ABOUT THIS TASK -
Repeat the whole listing word for word, skipping pictures.

DATA SHOWN -

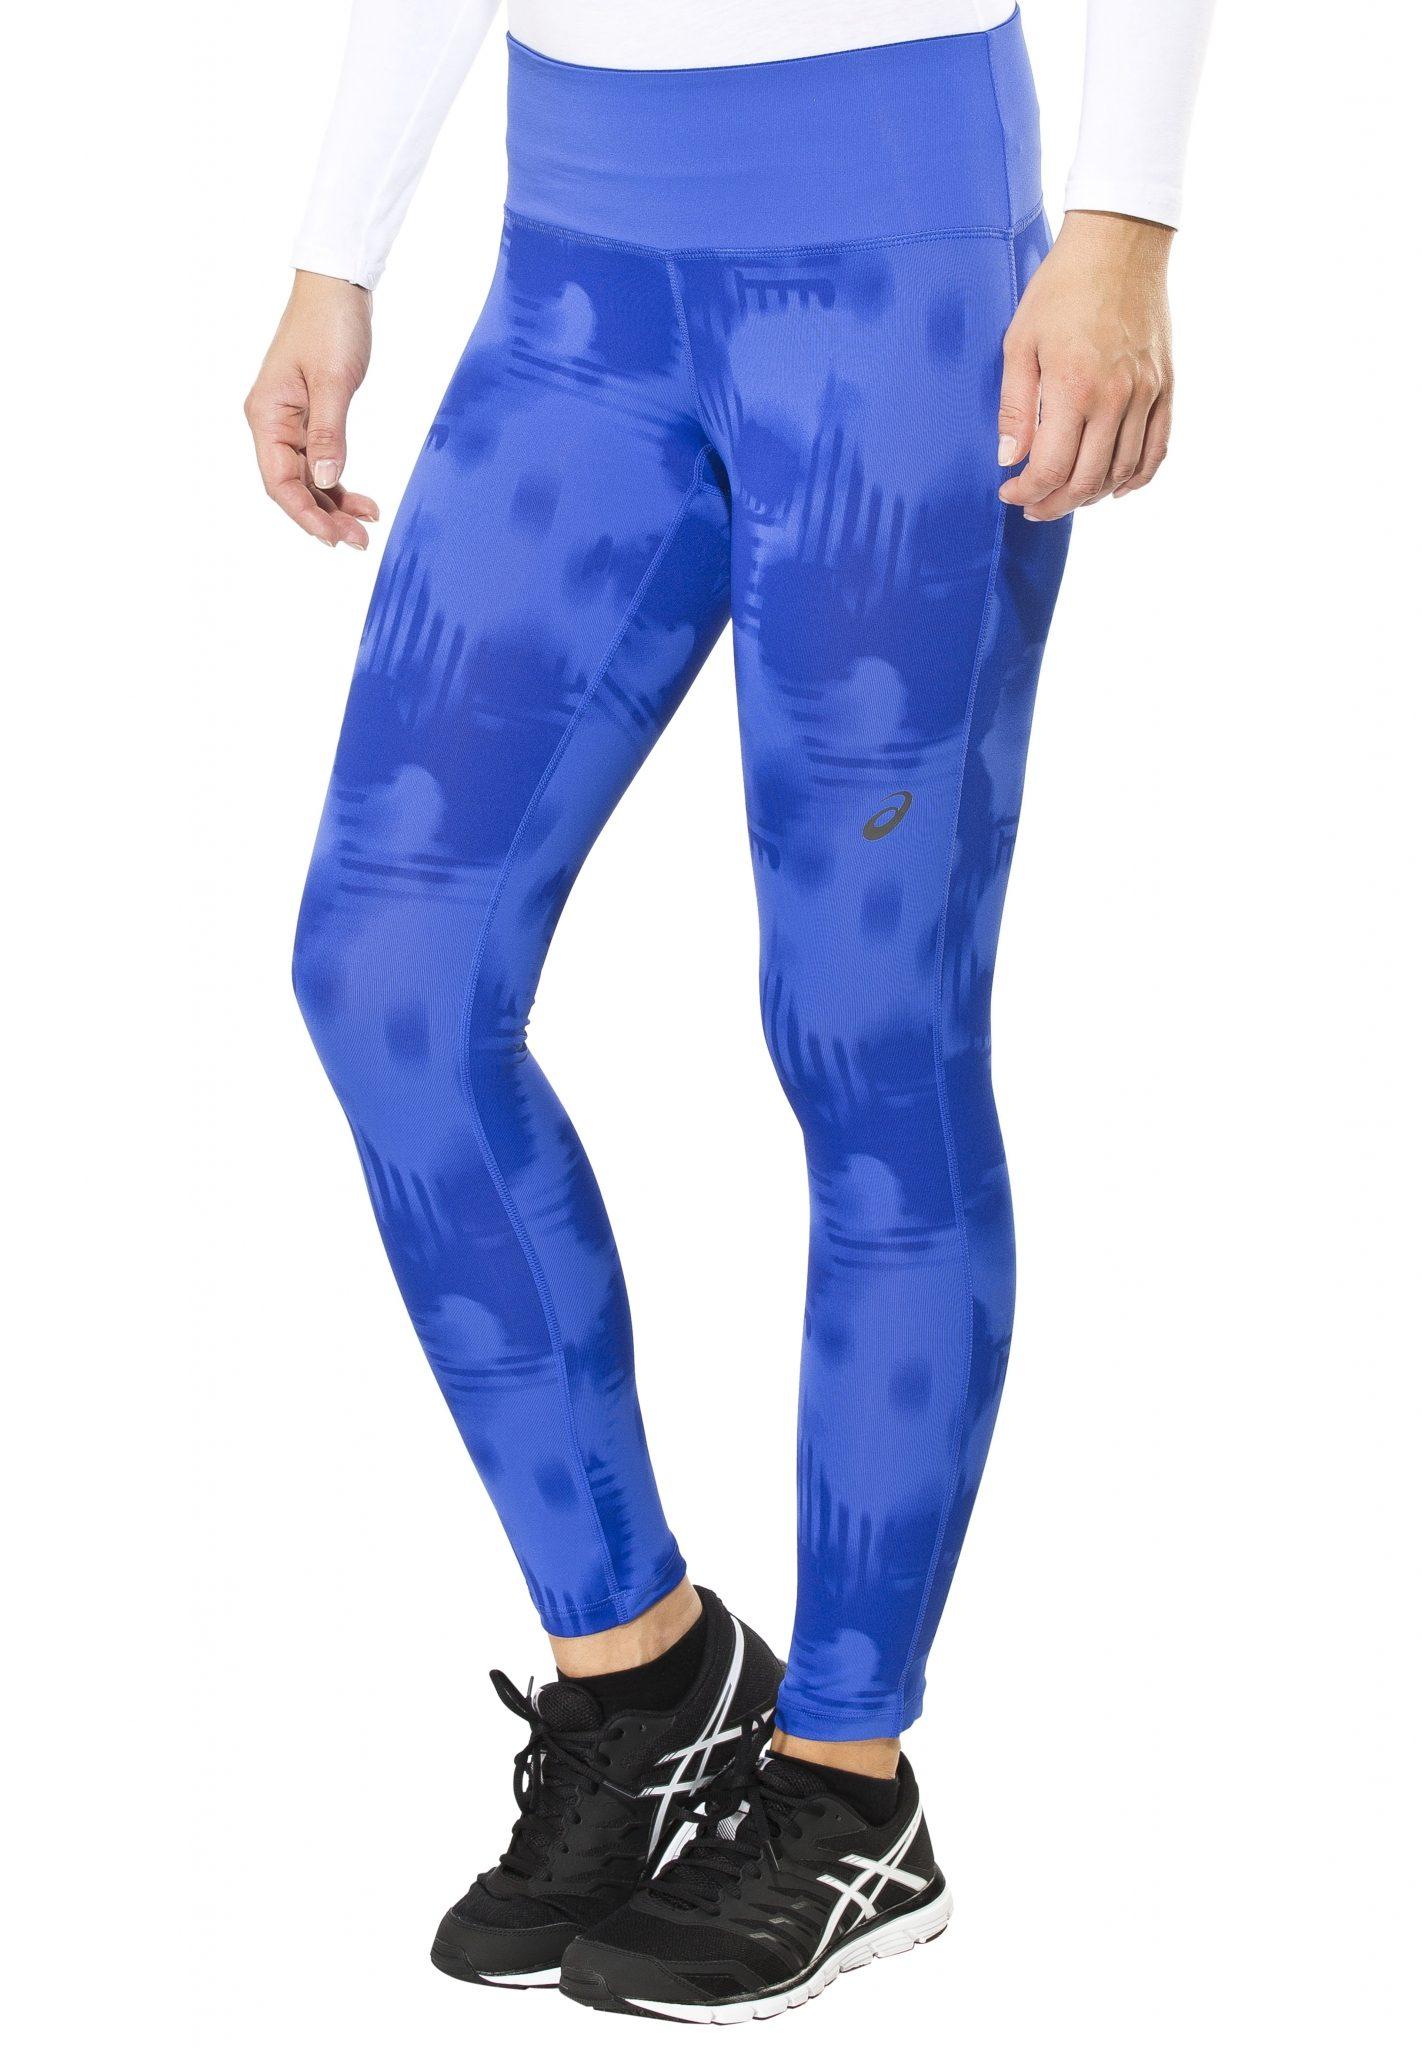 Asics Jogginghose »fuzeX 7/8 Tight Women«
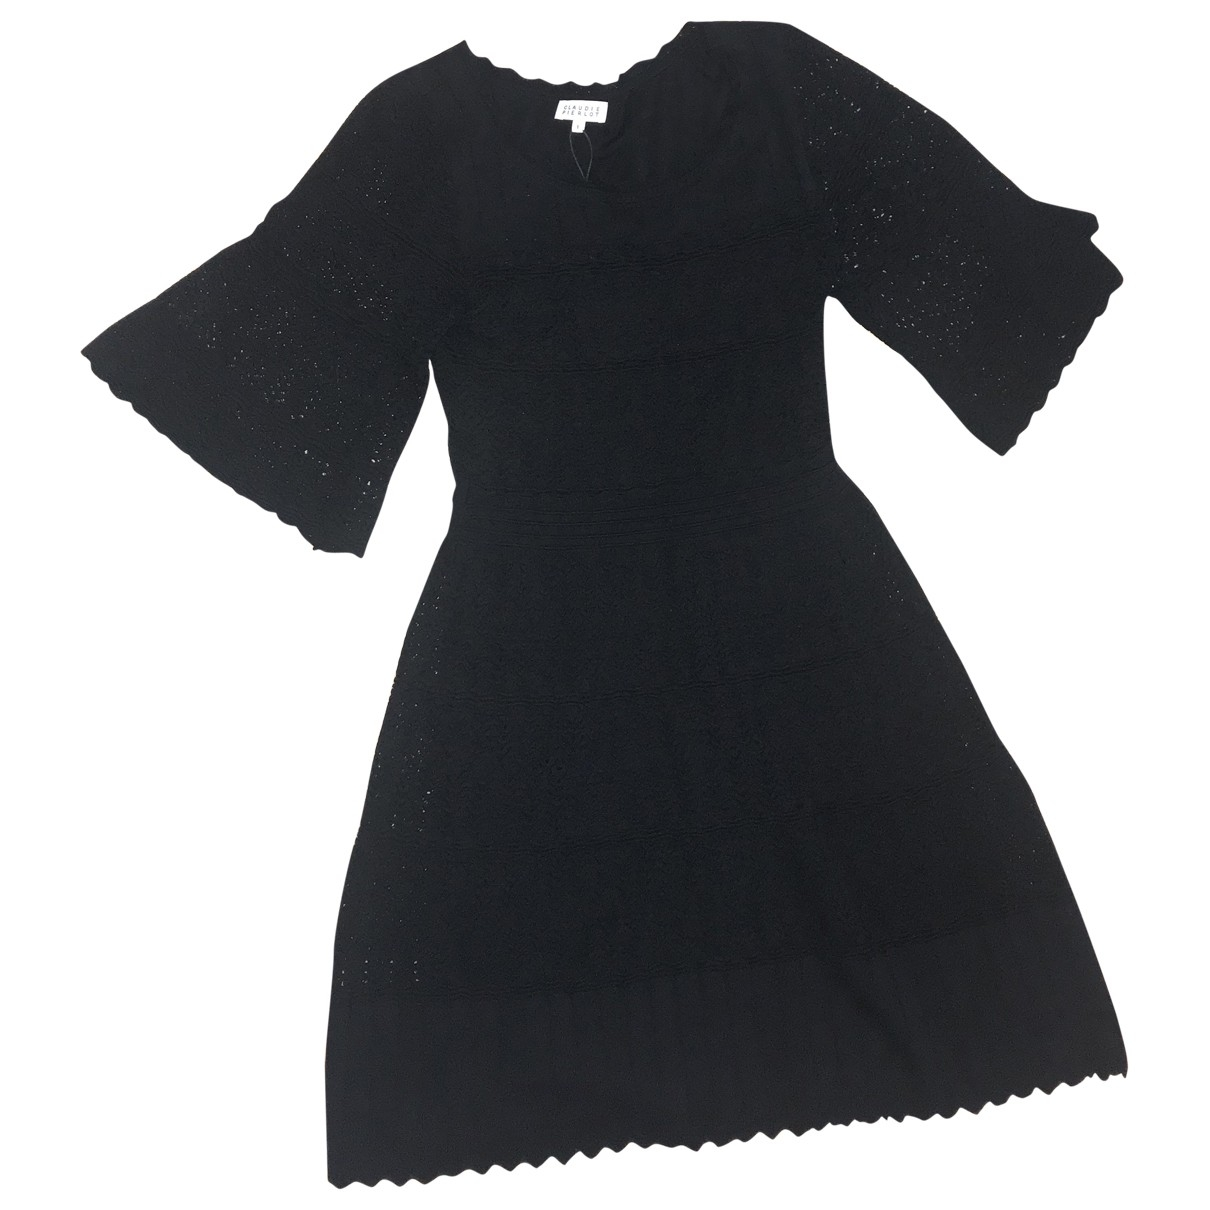 Claudie Pierlot Spring Summer 2019 Black dress for Women 36 FR
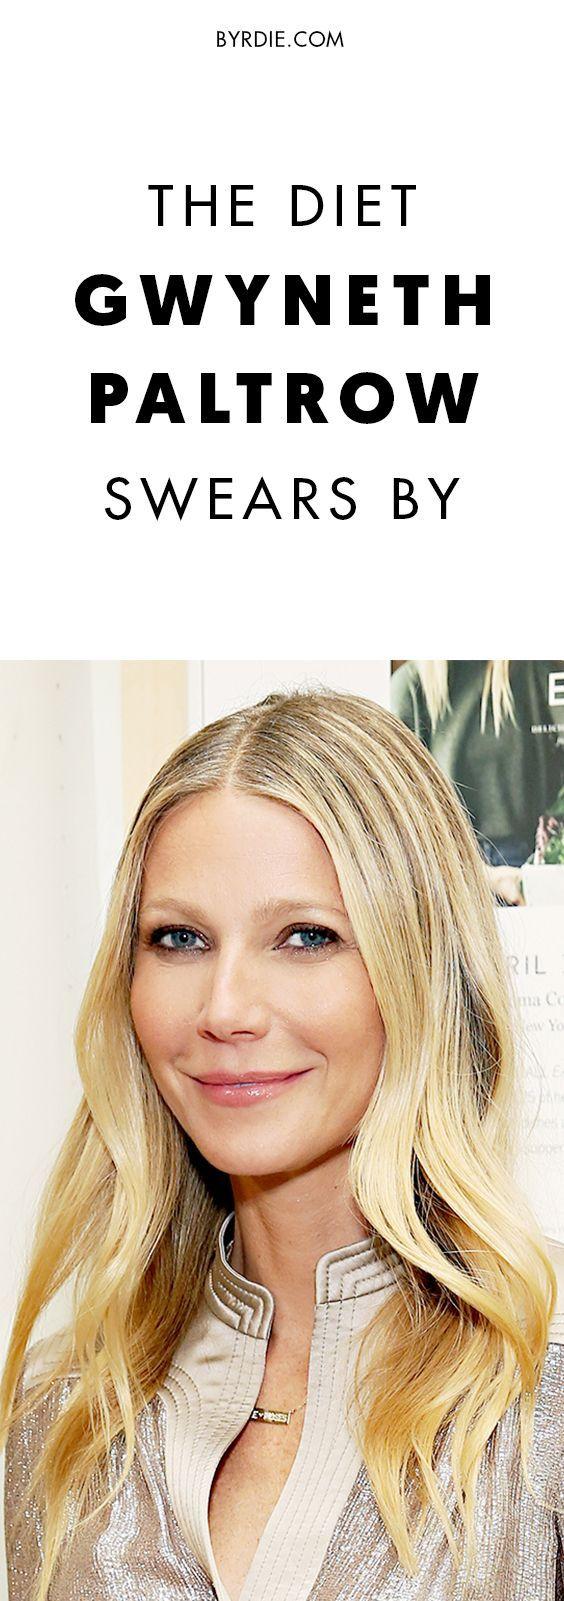 How To Eat Like Gwyneth Paltrow #CelebrityDiets In 2019
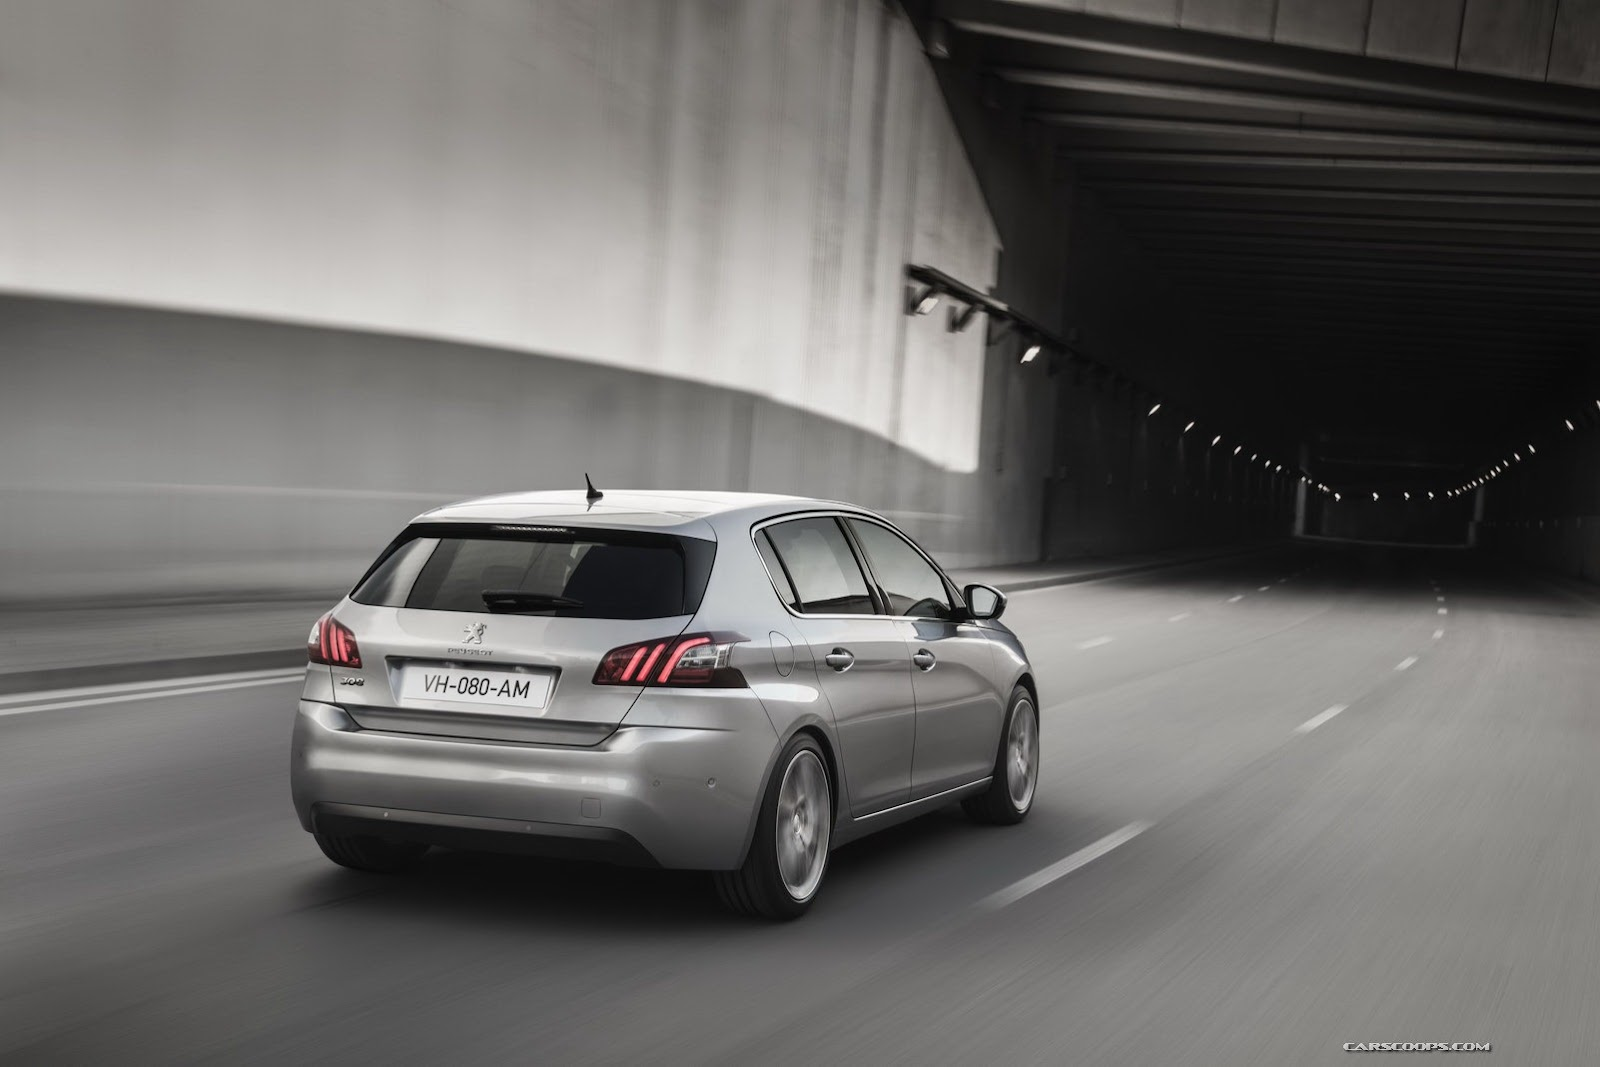 2014-Peugeot-308-Hatch-Carscoops-80%25255B2%25255D.jpg

SOLUTION -
 Asics Jogginghose »fuzeX 7/8 Tight Women«
 Claudie Pierlot Spring Summer 2019 Black dress for Women 36 FR
 How To Eat Like Gwyneth Paltrow #CelebrityDiets In 2019
 2014-Peugeot-308-Hatch-Carscoops-80%25255B2%25255D.jpg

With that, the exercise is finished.